Но нам могут сказать — вы использовали EST, это неточные данные. Если мы возьмем полноразмерные мРНК (а данные по ним гораздо точнее, хотя общее количество сиквенсов по ним меньше), и проведем с ними ту же процедуру, то окажется, что примерно треть генов человека имеет изоформы, которые в геноме мыши не кодируются, отсутствуют, и также в геноме человека отсутствуют мышиные экзоны.
А
Представленные данные показывают, что альтернативный сплайсинг — явление весьма распространенное, и что мышь сильно отличается от человека по альтернативному сплайсингу.

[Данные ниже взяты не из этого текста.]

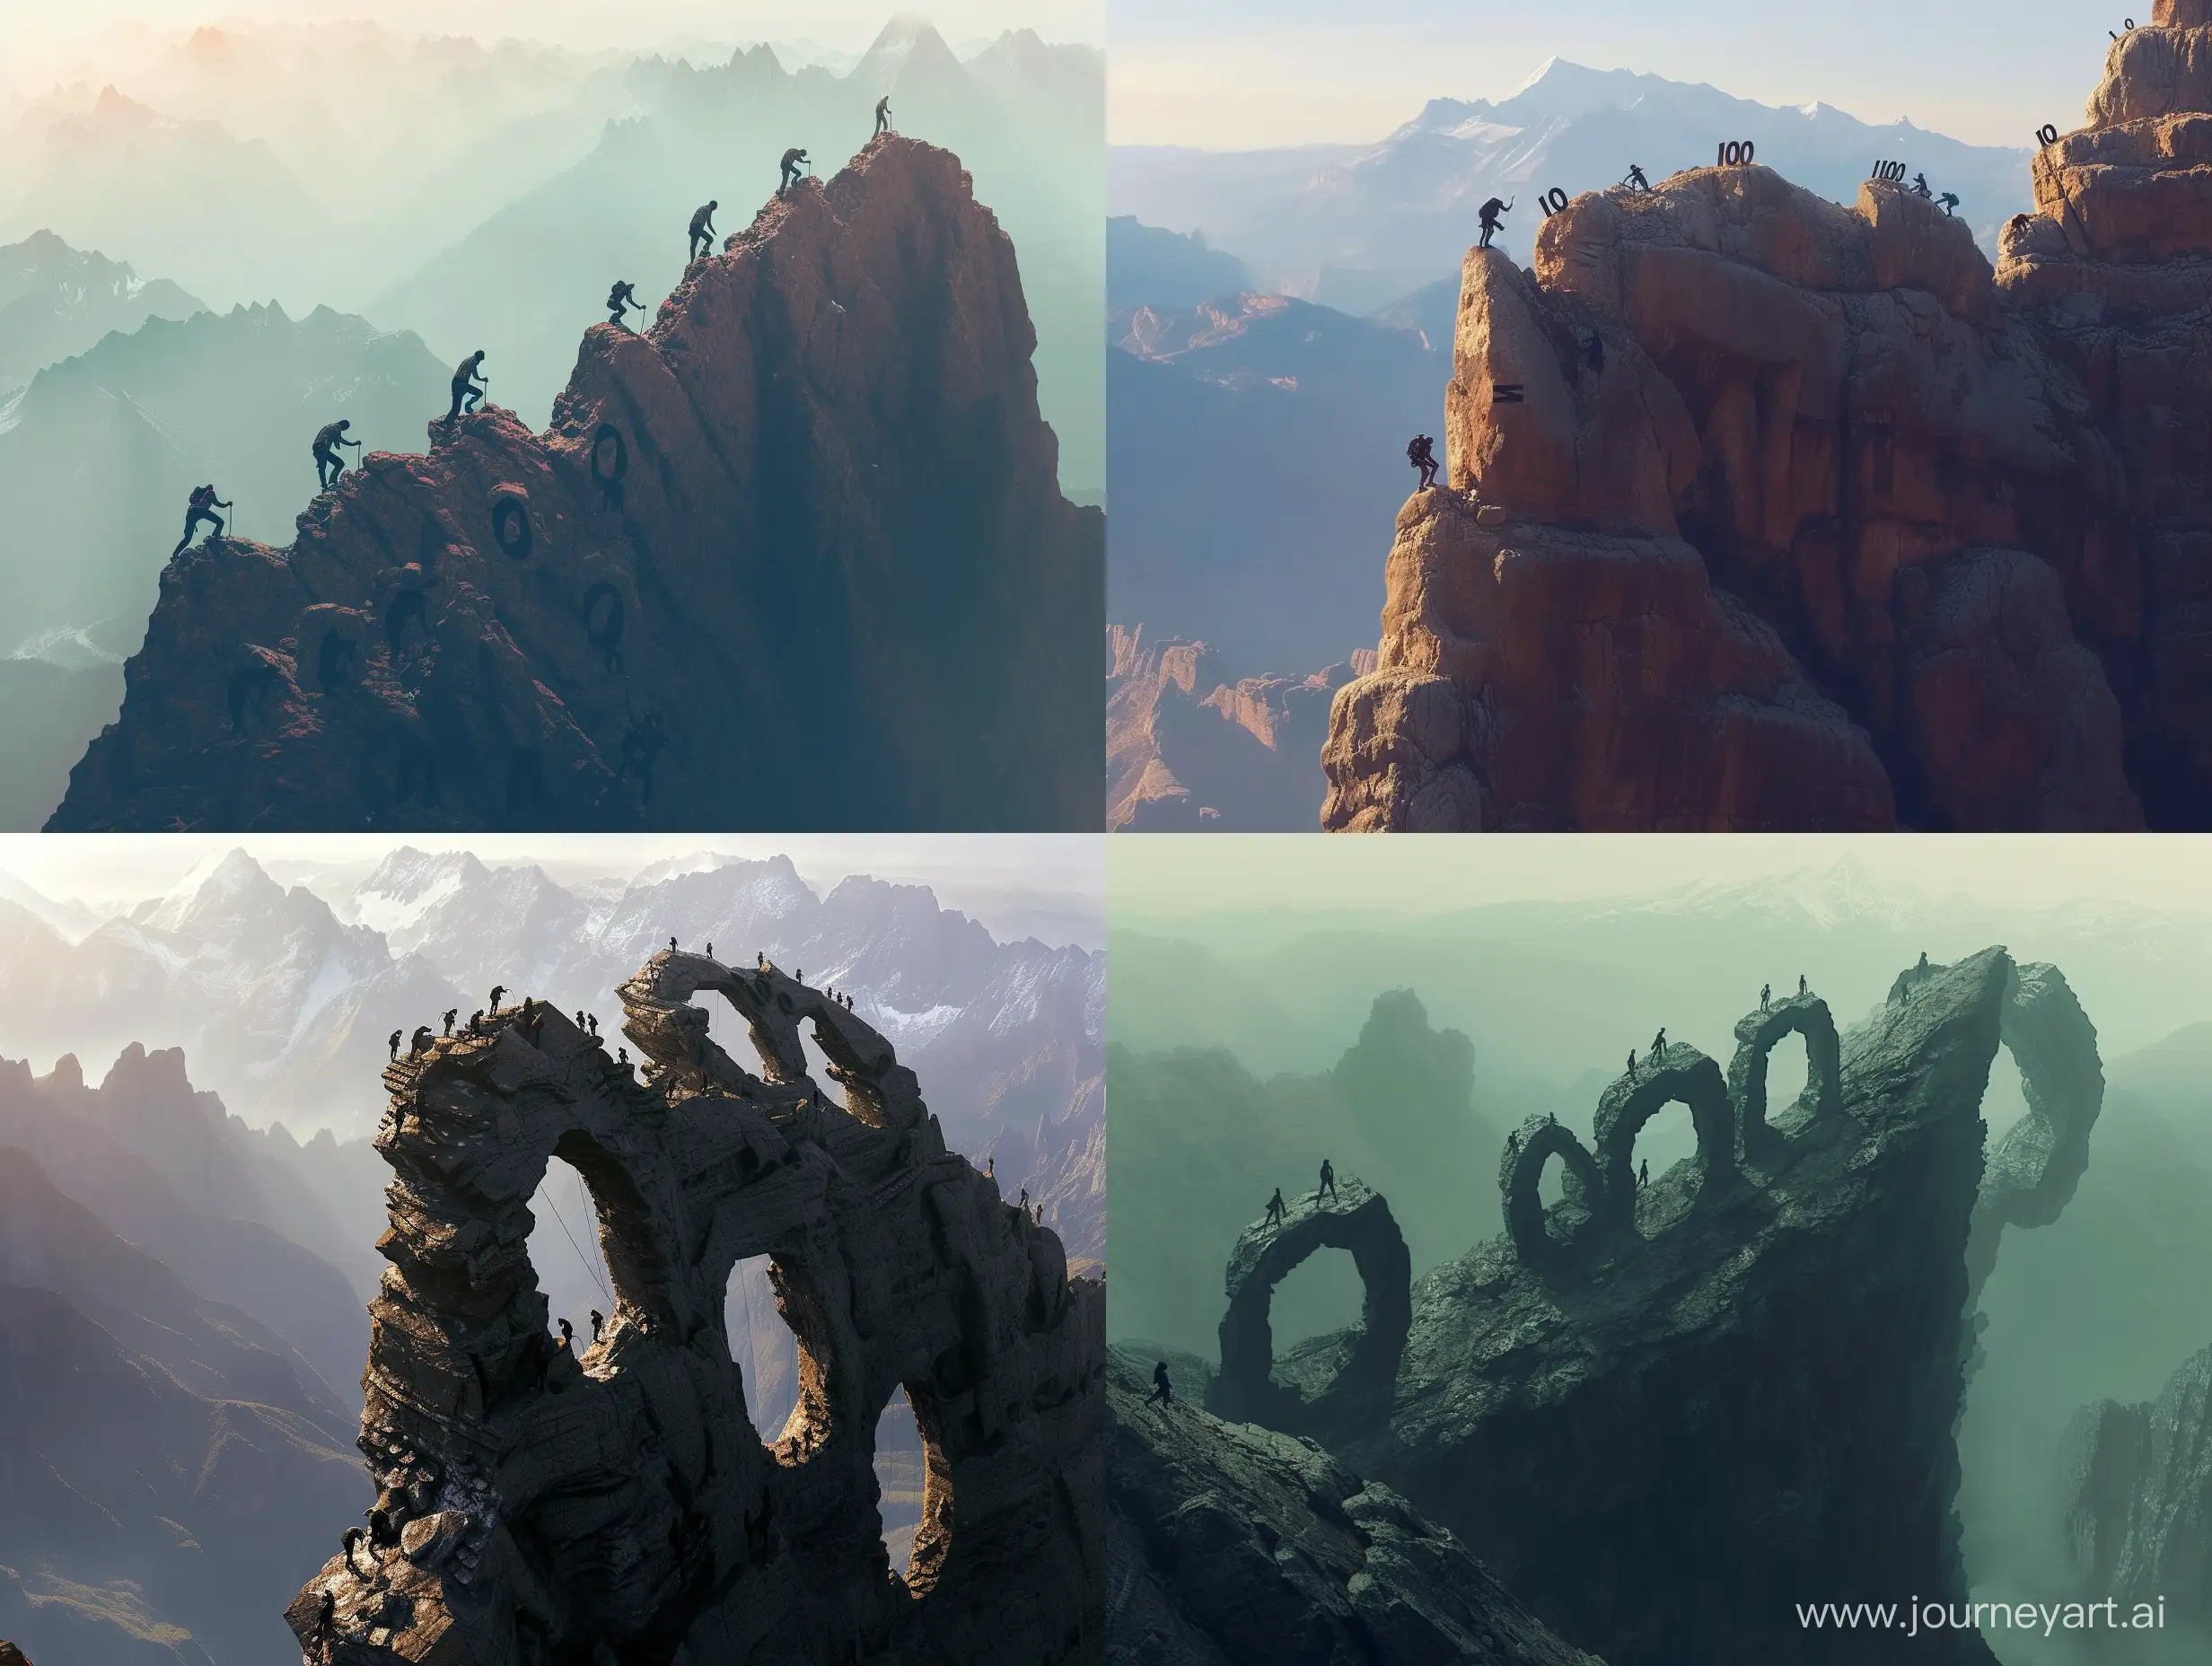 A group of people are trying to climb a high mountain with "1000" shaped rocks on the top and higher mountains in the distance, mild light, cyberpunk

Можно сделать и эволюционное предположение. По-видимому, альтернативный сплайсинг допускает большую свободу для создания новых белков, или изменения функций существующих белков, и в этом и состоит его связь с эволюцией.

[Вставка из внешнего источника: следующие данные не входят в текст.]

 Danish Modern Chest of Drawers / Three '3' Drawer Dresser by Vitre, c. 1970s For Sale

Некоторые методы молекулярной биологии
Лекция № 26
Д.В. Ребриков
Полимеразная цепная реакция (ПЦР) — экспериментальный метод молекулярной биологии, позволяющий добиться значительного увеличения малых концентраций определённых фрагментов нуклеиновой кислоты (ДНК) в биологическом материале (пробе).

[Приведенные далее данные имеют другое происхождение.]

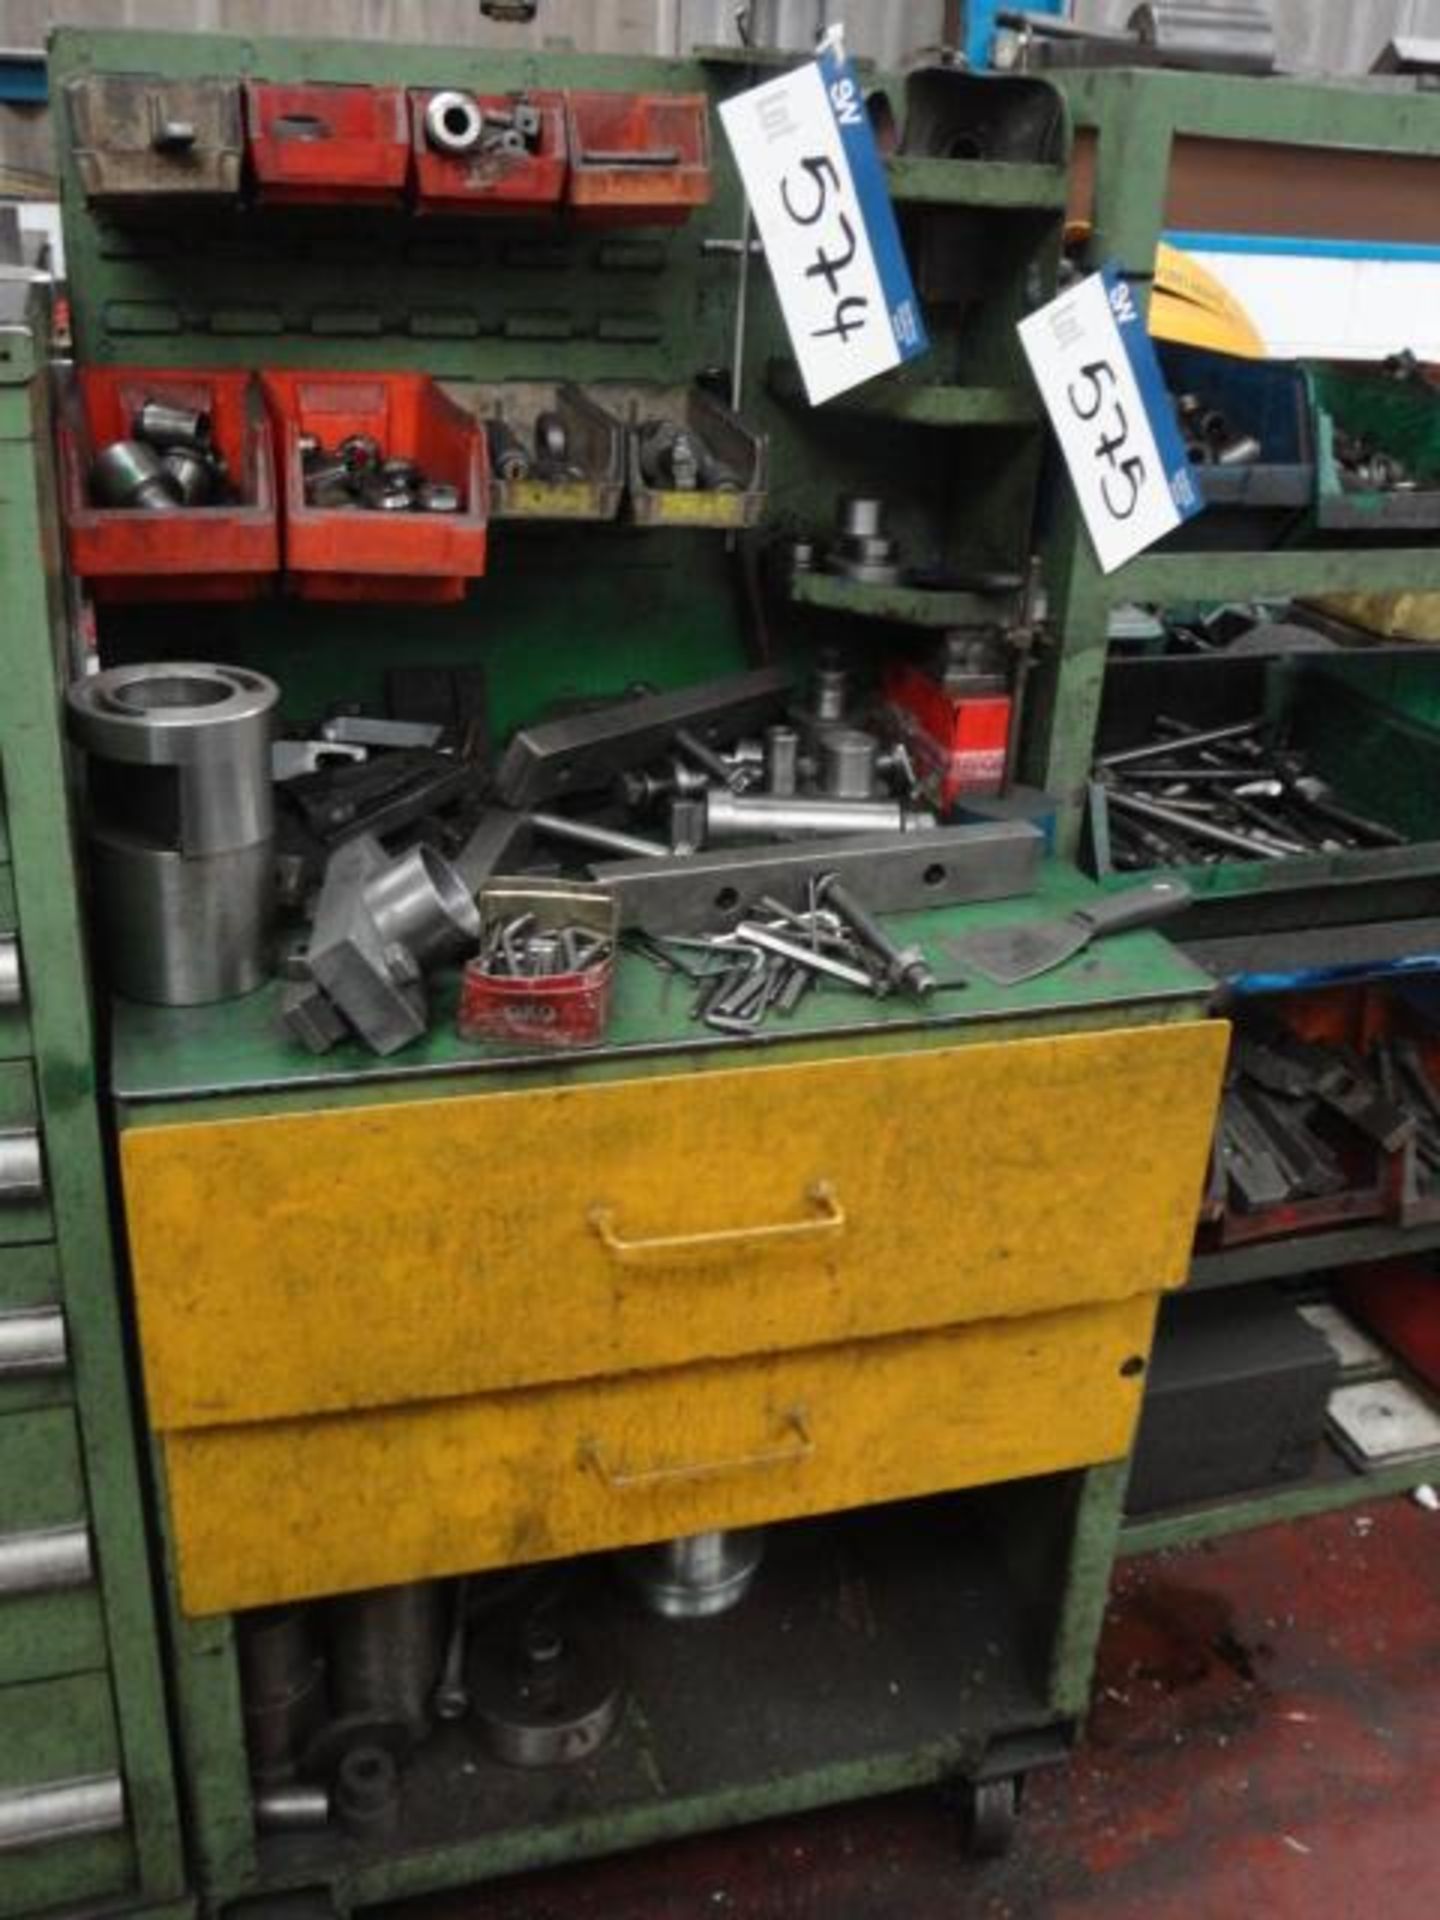 Multi-Compartment Workshop Cabinet, with contents including cutting tools, hand tools and trolley

Помимо простого увеличения числа копий ДНК (этот процесс называется амплификацией), ПЦР позволяет производить множество других манипуляций с генетическим материалом (введение мутаций, сращивание фрагментов ДНК) и широко используется в биологической и медицинской практике, например, для диагностики заболеваний (наследственных, инфекционных), для установления отцовства, для клонирования генов, выделения новых генов.
История
В начале 1970-х годов норвежскому ученому Хьеллю Клеппе (Kjell Kleppe) из лаборатории нобелевского лауреата Хара Гобинды Хораны (Наг Gobind Khorana) пришла в голову мысль, что можно амплифицировать ДНК с помощью пары коротких одноцепочечных молекул ДНК — синтетических праймеров [1]. Однако в то время эта идея осталась невостребованной. Полимеразная цепная реакция была вновь открыта в 1983 году Кэри Маллисом (Kary Mullis). Его целью было создание метода, который бы позволил амплифицировать ДНК в ходе многократных последовательных удвоений исходной молекулы ДНК с помощью фермента ДНК-полимеразы. Через 7 лет после опубликования этой идеи, в 1993 г., Маллис получил за неё Нобелевскую премию[2].
В начале использования метода после каждого цикла нагревания — охлаждения приходилось добавлять в реакционную смесь ДНК-полимеразу, так как она быстро инактивировалась при высокой температуре, необходимой для разделения цепей спирали ДНК. Процедура была очень неэффективной, требовала много времени и фермента. В 1986 г. она была существенно улучшена. Было предложено использовать ДНК-полимеразы из термофильных бактерий [3]. Эти ферменты оказались термостабильными и были способны выдерживать множество циклов реакции. Их использование позволило упростить и автоматизировать проведение ПЦР. Одна из первых термостабильных ДНК-полимераз была выделена из бактерий Thermus aquaticus и названа Taq-полимеразой. Недостаток этой полимеразы заключается в том, что вероятность внесения ошибочного нуклеотида у неё достаточно высока, так как у этого фермента отсутствуют механизмы исправления ошибок (3'^5' экзонуклеазная активность). Полимеразы Pfu и Pwo, выделенные из архей, обладают таким механизмом, их использование значительно уменьшает число мутаций в ДНК, но скорость их работы (процессивность) ниже, чем у Taq. Сейчас применяют смеси Taq и Pfu, чтобы добиться одновременно высокой скорости полимеризации и высокой точности копирования.
В момент изобретения метода Маллис работал в компании Цетус (Cetus), которая и запатентовала метод ПЦР. В 1992 году Цетус продала права на метод и патент на использование Taq-полимеразы компании Хофман-Ла Рош (Hoffmann-La Roche) за 300 млн. долларов. Однако оказалось, что Taq-полимераза была охарактеризована русским биохимиком Алексеем Калединым в 1980 году [4], в связи с чем компания Промега (Promega) пыталась в судебном порядке заставить Рош отказаться от исключительных прав на этот фермент [5]. Американский патент на метод ПЦР истёк в марте 2005 г.